### DATA EXCERPTS
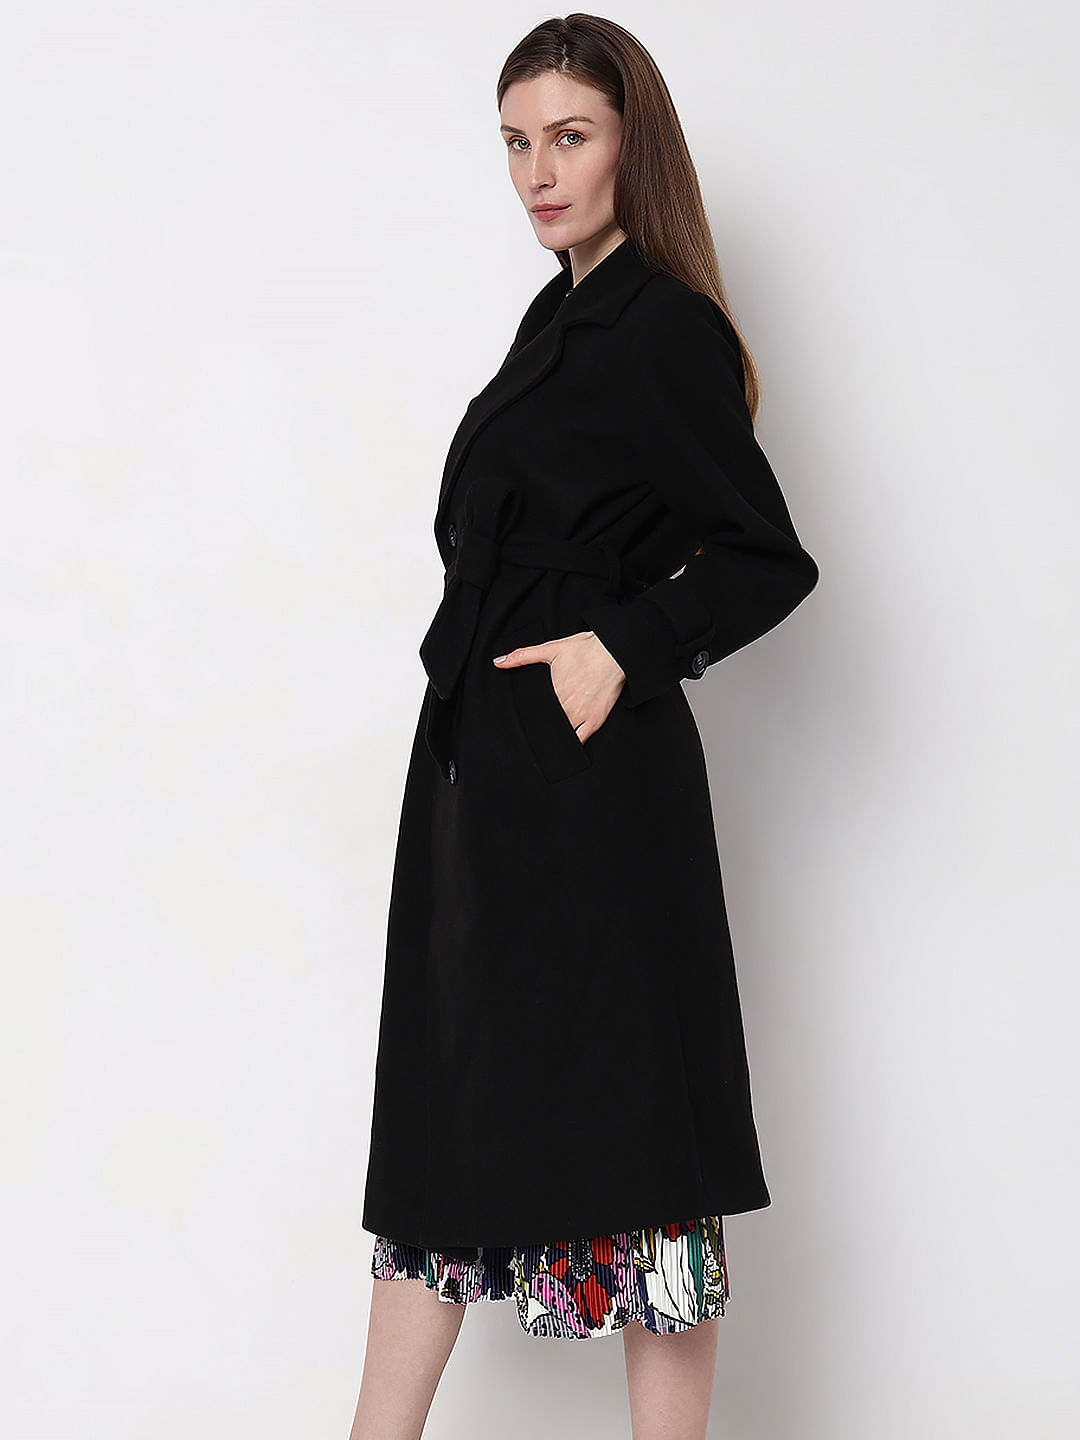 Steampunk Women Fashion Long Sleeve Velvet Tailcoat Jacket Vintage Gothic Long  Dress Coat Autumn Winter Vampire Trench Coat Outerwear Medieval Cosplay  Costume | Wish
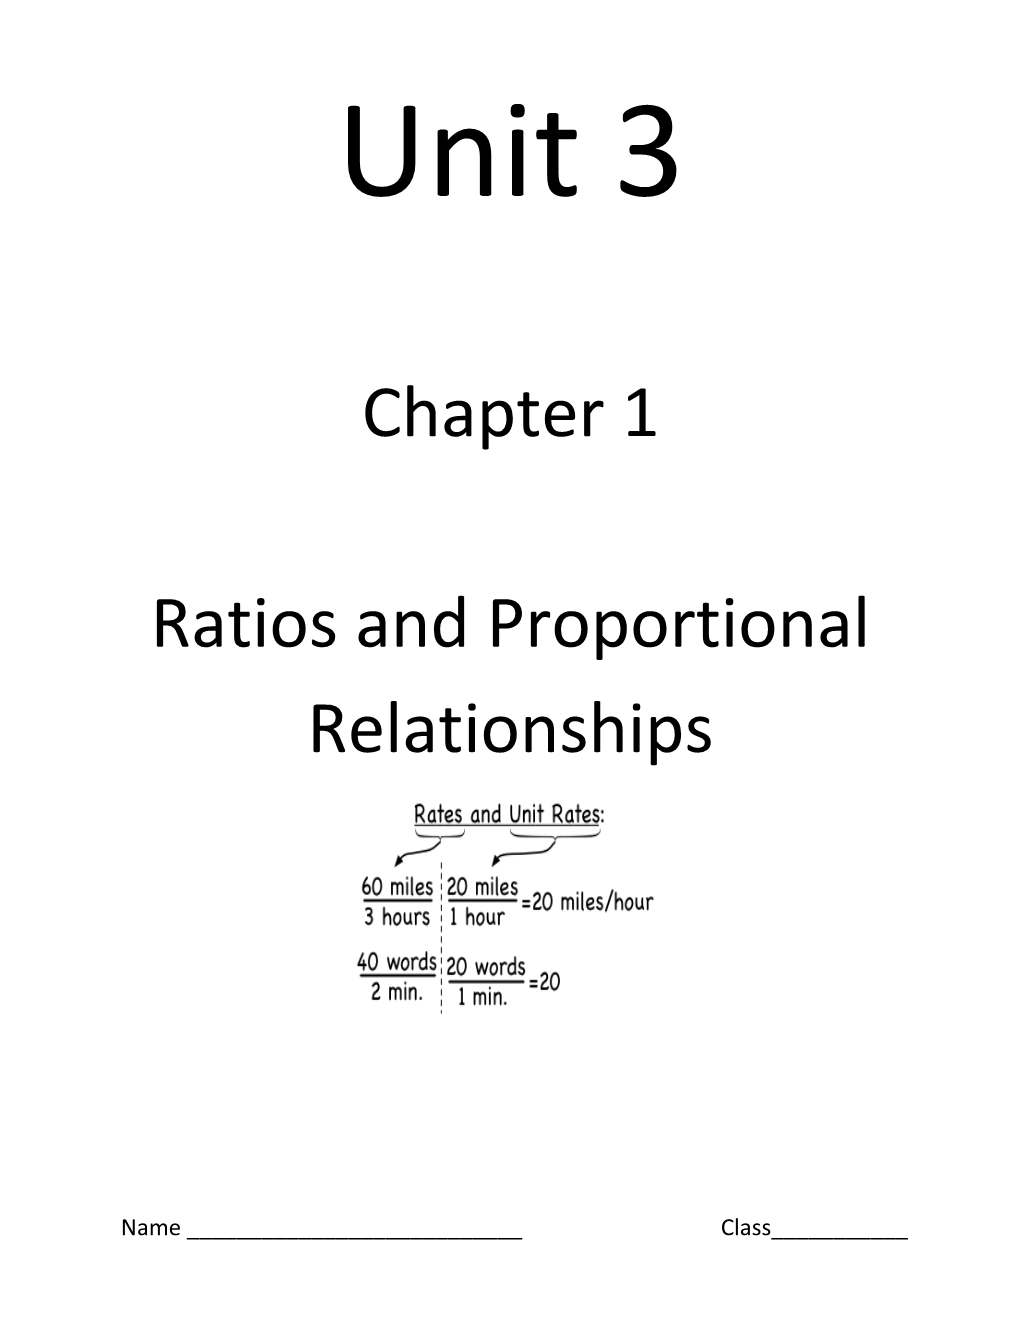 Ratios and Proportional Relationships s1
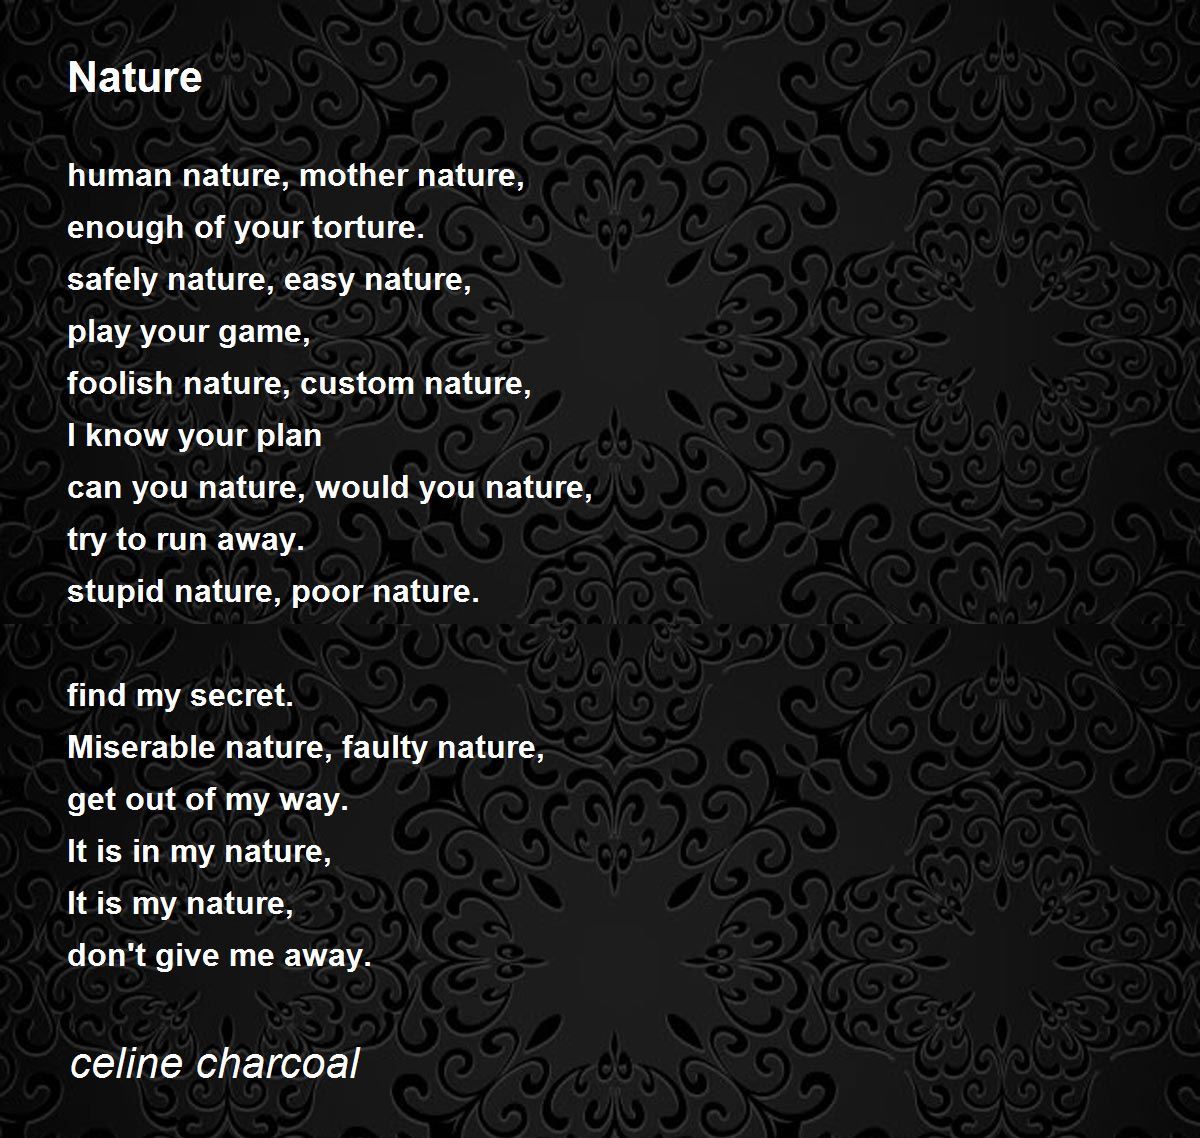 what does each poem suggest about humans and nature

...

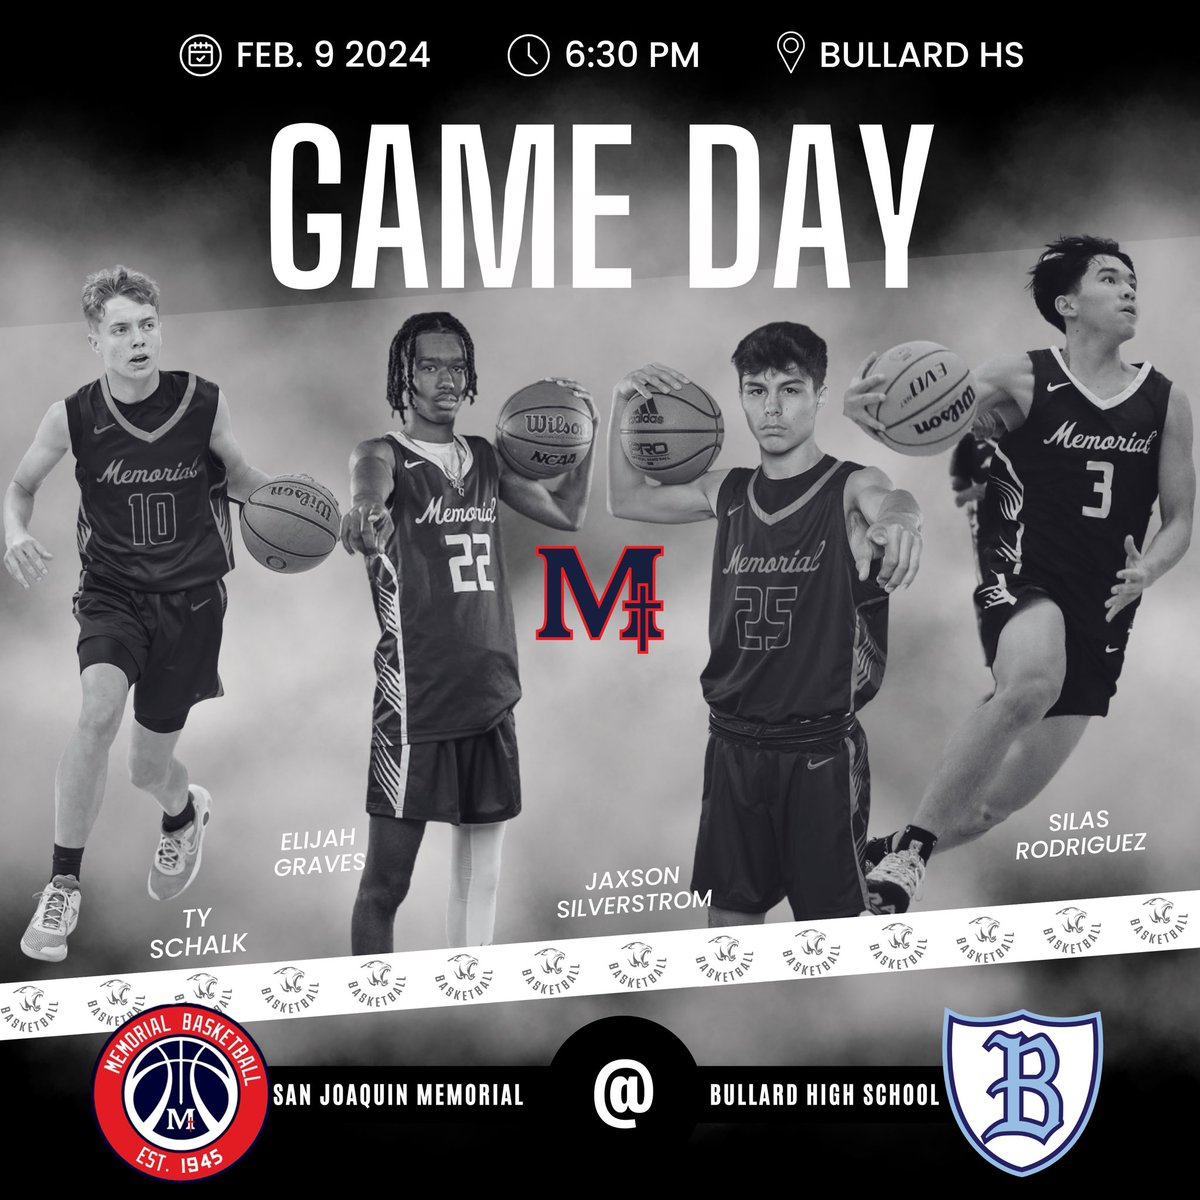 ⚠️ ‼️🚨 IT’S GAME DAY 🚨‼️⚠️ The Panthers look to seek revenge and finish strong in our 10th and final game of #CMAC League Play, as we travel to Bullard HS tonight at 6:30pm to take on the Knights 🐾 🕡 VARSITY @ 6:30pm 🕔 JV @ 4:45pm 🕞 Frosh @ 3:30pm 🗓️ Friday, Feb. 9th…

### TASK TO COMPLETE
Going by the data above, give back only the lines from the one containing "Steampunk Women Fashion" through the one containing "what does each", exactly as they stand, both ends included and no images.

### SOLUTION
 Steampunk Women Fashion Long Sleeve Velvet Tailcoat Jacket Vintage Gothic Long  Dress Coat Autumn Winter Vampire Trench Coat Outerwear Medieval Cosplay  Costume | Wish
 Ratios and Proportional Relationships s1
 what does each poem suggest about humans and nature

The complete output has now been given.